Noi crediamo che quei sentimenti fascisti, razzisti e xenofobi, che sembrano così lontani dal nostro presente, siano più che mai vivi e vadano combattuti prima che il seme possa fecondare anime deboli e incoscienti di una società sempre più confusa e manipolata!!! E proprio tali sentimenti, di natura politica, hanno fomentato le azioni di violenza degli ultimi giorni. Noi vogliamo credere alla verità della storia e dei fatti, distaccandoci da qualsiasi "schema ideologico" del passato...e, fatte le dovute analisi, urliamo a gran voce quella che crediamo essere la vera emergenza dell'Italia e degli Italiani oggi: la decadenza della democrazia!!! Il nostro "pacchetto sicurezza" prevede a riguardo un ritorno all'uso della ragione, alla tolleranza e al rispetto verso l'essere umano, concentrando tutte le energie per affrontare a testa alta, e magari sconfiggere, i veri mali che non permettono all'Italia di essere un paese onesto, all'avanguardia, tollerante e degno della sua storia!!!!!!!
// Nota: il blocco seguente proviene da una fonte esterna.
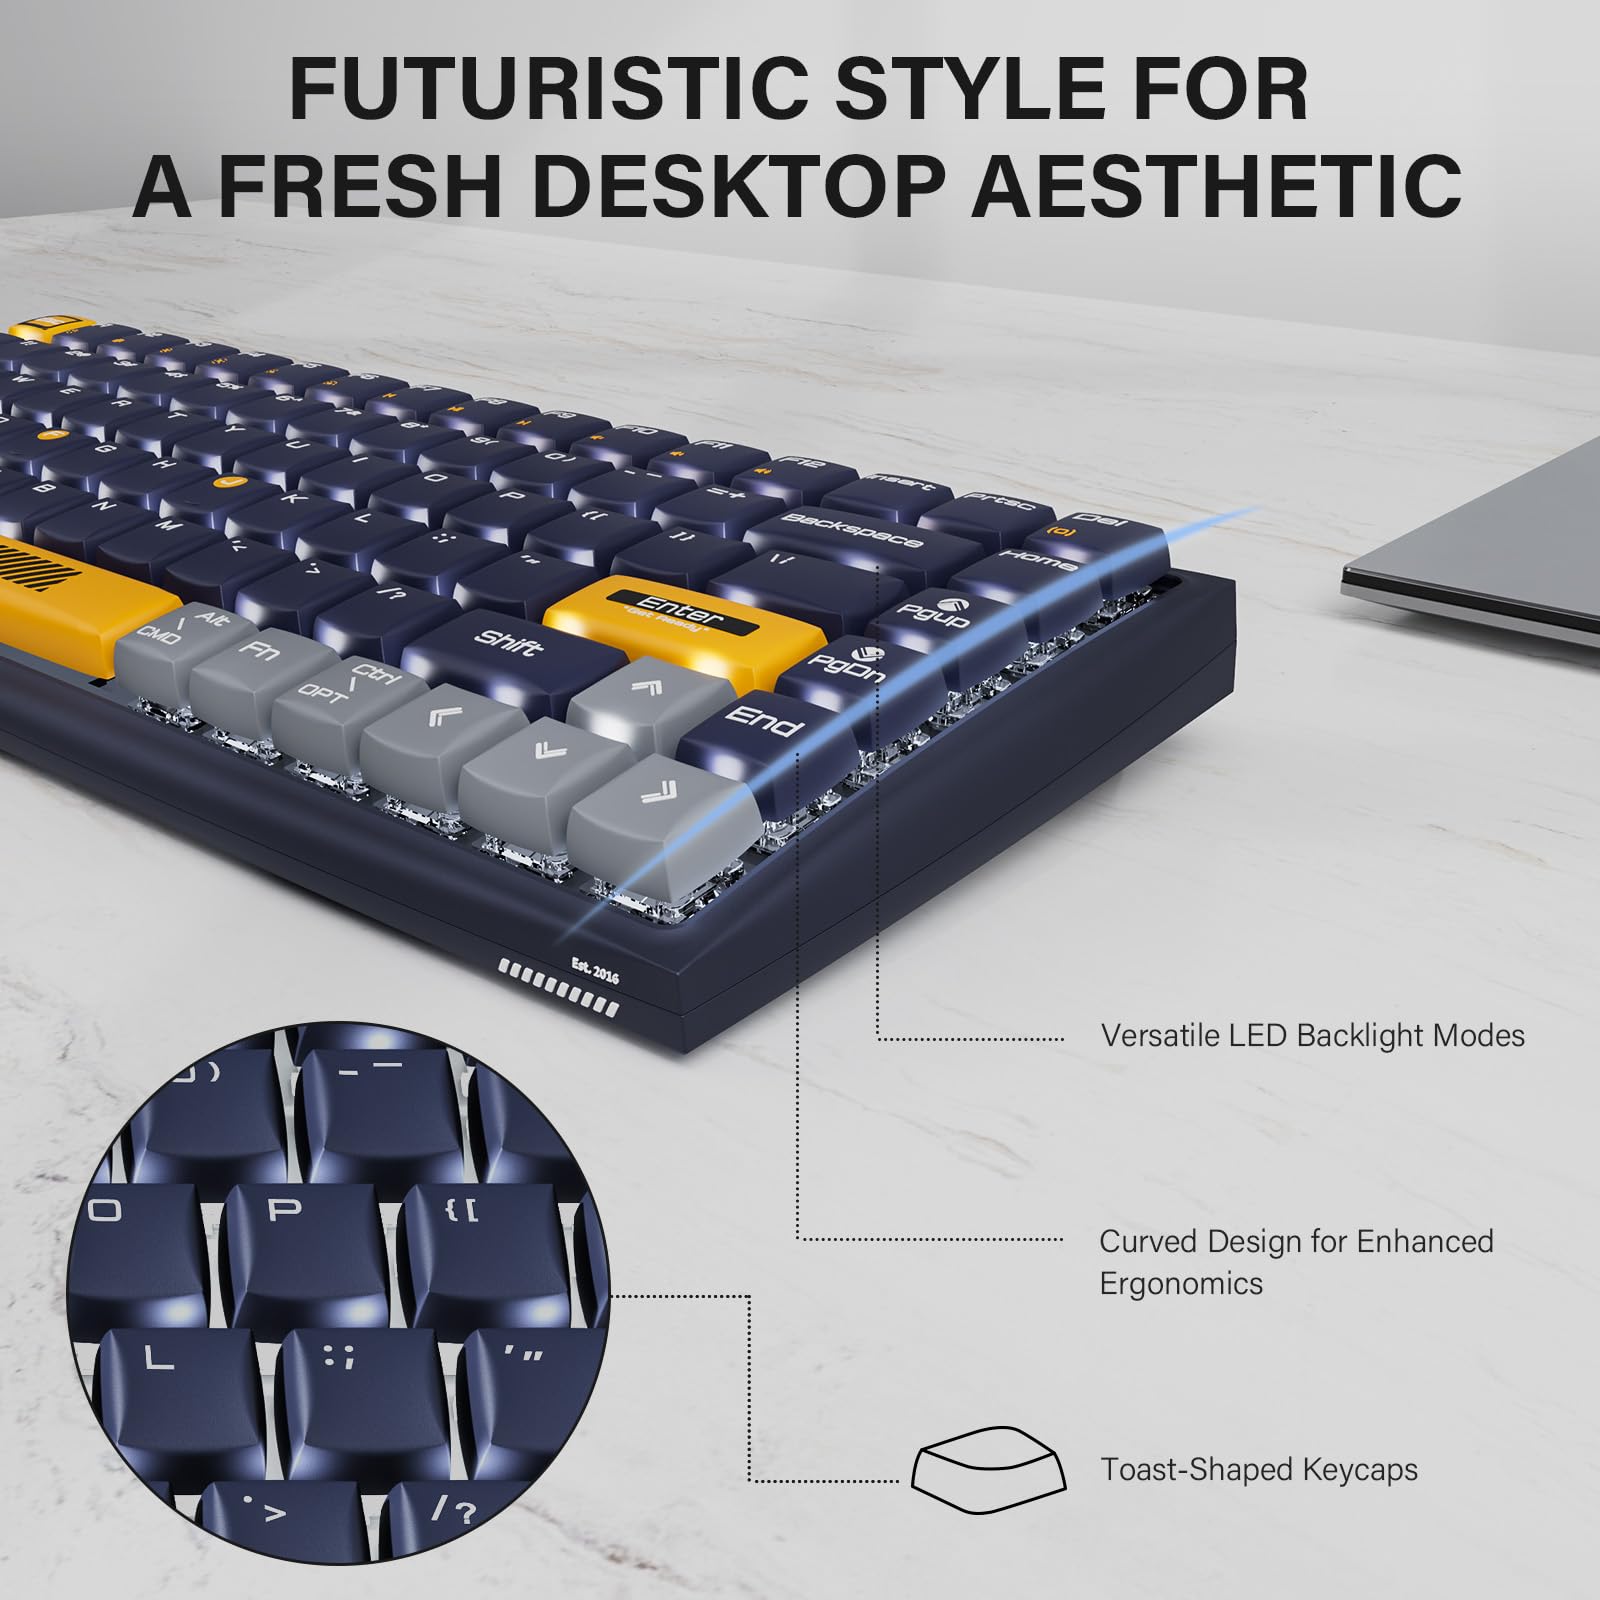 Durgod K710 Wireless Mechanical Keyboard, 84-Key 75% Layout, Connect up to 3 Devices via Bluetooth/2.4G Wireless for Mac Windows Linux, LED Backlit & N-Key Rollover, Tactile Brown Switch, Navy Blue

Prima di tutto vennero a prendere gli zingari
e fui contento, perché rubacchiavano.
Poi vennero a prendere gli ebrei
e stetti zitto, perché mi stavano antipatici.
Poi vennero a prendere gli omosessuali,
e fui sollevato, perché mi erano fastidiosi.
Poi vennero a prendere i comunisti,
ed io non dissi niente, perché non ero comunista.
Un giorno vennero a prendere me,
e non c'era rimasto nessuno a protestare.